Risas gélidas
Han llegado los nórdicos para sacudirnos el determinismo negativo que nos invade y levantarnos la moral por medio de la risa.
Del Norte proceden novelas de imaginación, fantasía y hasta desparrame como las de Arto Paasilinna o Jonas Jonasson
Javier Martín del Barrio
8 de marzo de 2013
"El enemigo más poderoso de los finlandeses es la oscuridad, la apatía sin fin. La melancolía flota sobre el desgraciado pueblo y durante miles de años lo ha mantenido bajo su yugo con tal fuerza que el alma de este ha terminado por volverse tenebrosa y grave. Tal es el peso de la congoja, que muchos finlandeses ven la muerte como única salida a su angustia. Una mente taciturna es un enemigo aún más encarnizado y temible que la propia Unión Soviética”. Ahí queda eso.

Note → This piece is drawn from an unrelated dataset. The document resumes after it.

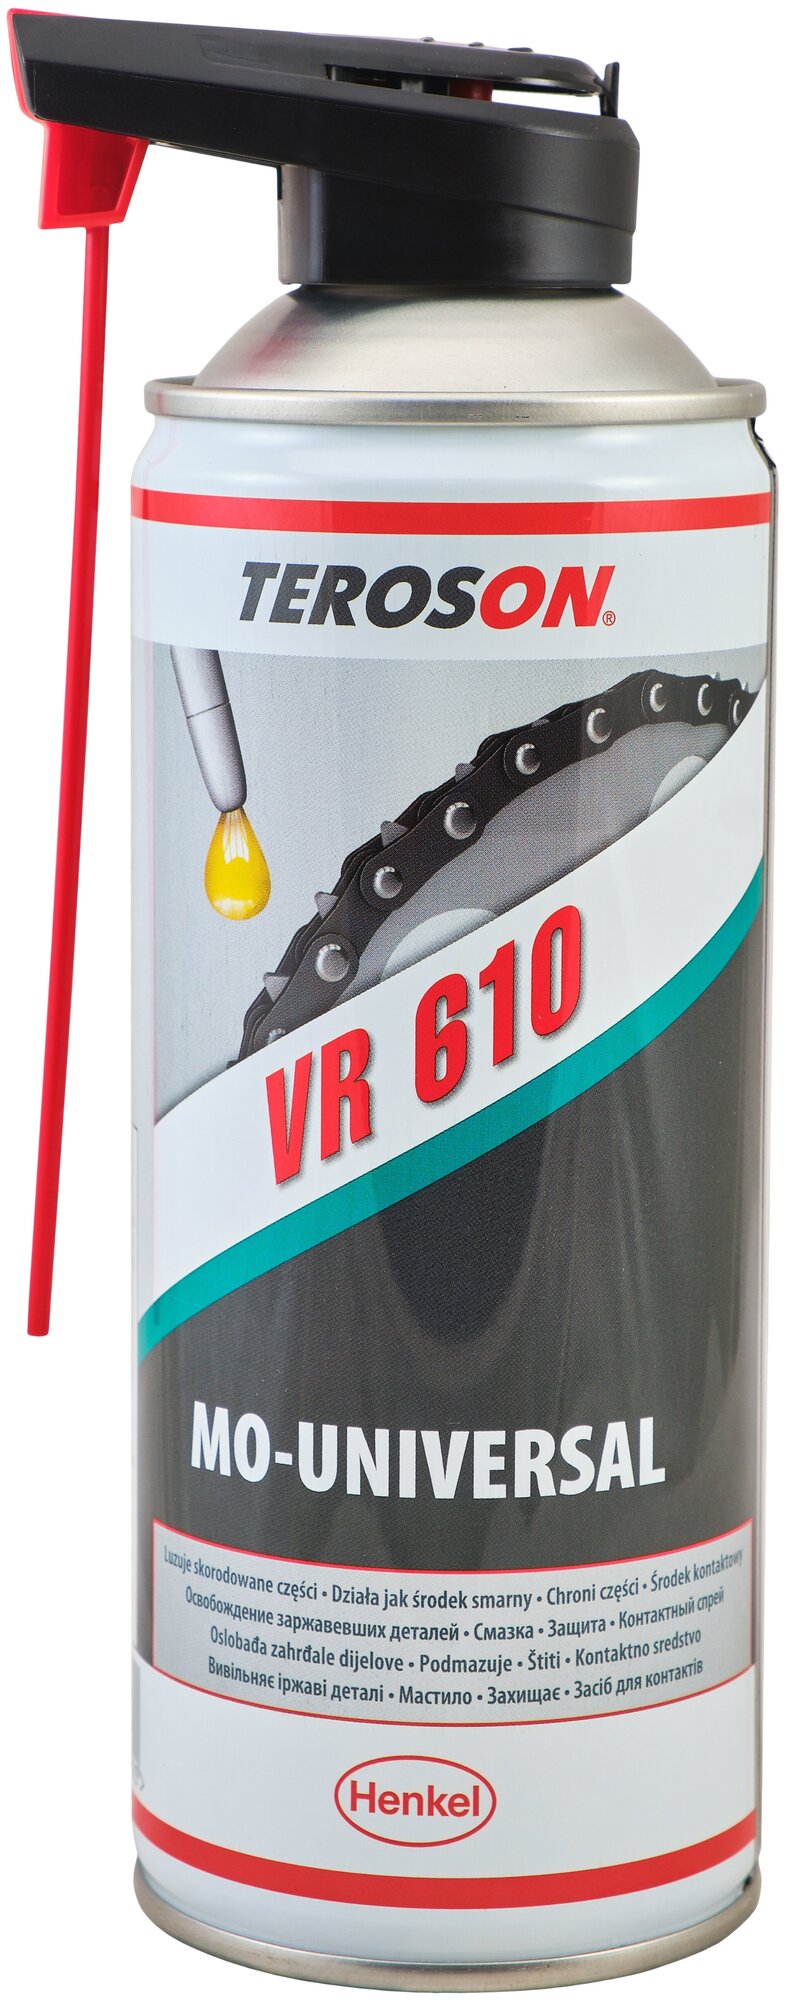 TEROSON VR 610 многоцелевая универсальная смазка спрей 400 мл

Aunque suene a un trágico Epitafio para Finlandia, no lo es; tampoco una versión finesa del desgarrador poema de Gil de Biedma (“… De todas las historias de la Historia / sin duda la más triste es la de España, / porque termina mal. Como si el hombre, / harto ya de luchar con sus demonios, / decidiese encargarles el gobierno / y la administración de su pobreza…”). Tan desconsolado párrafo inicial ni pertenece a un ensayo historicista ni al preámbulo de una novela negra que acabará en baño de sangre. Es, por el contrario, el comienzo de la tronchante novela Delicioso suicidio en grupo, del finlandés Arto Paasilinna.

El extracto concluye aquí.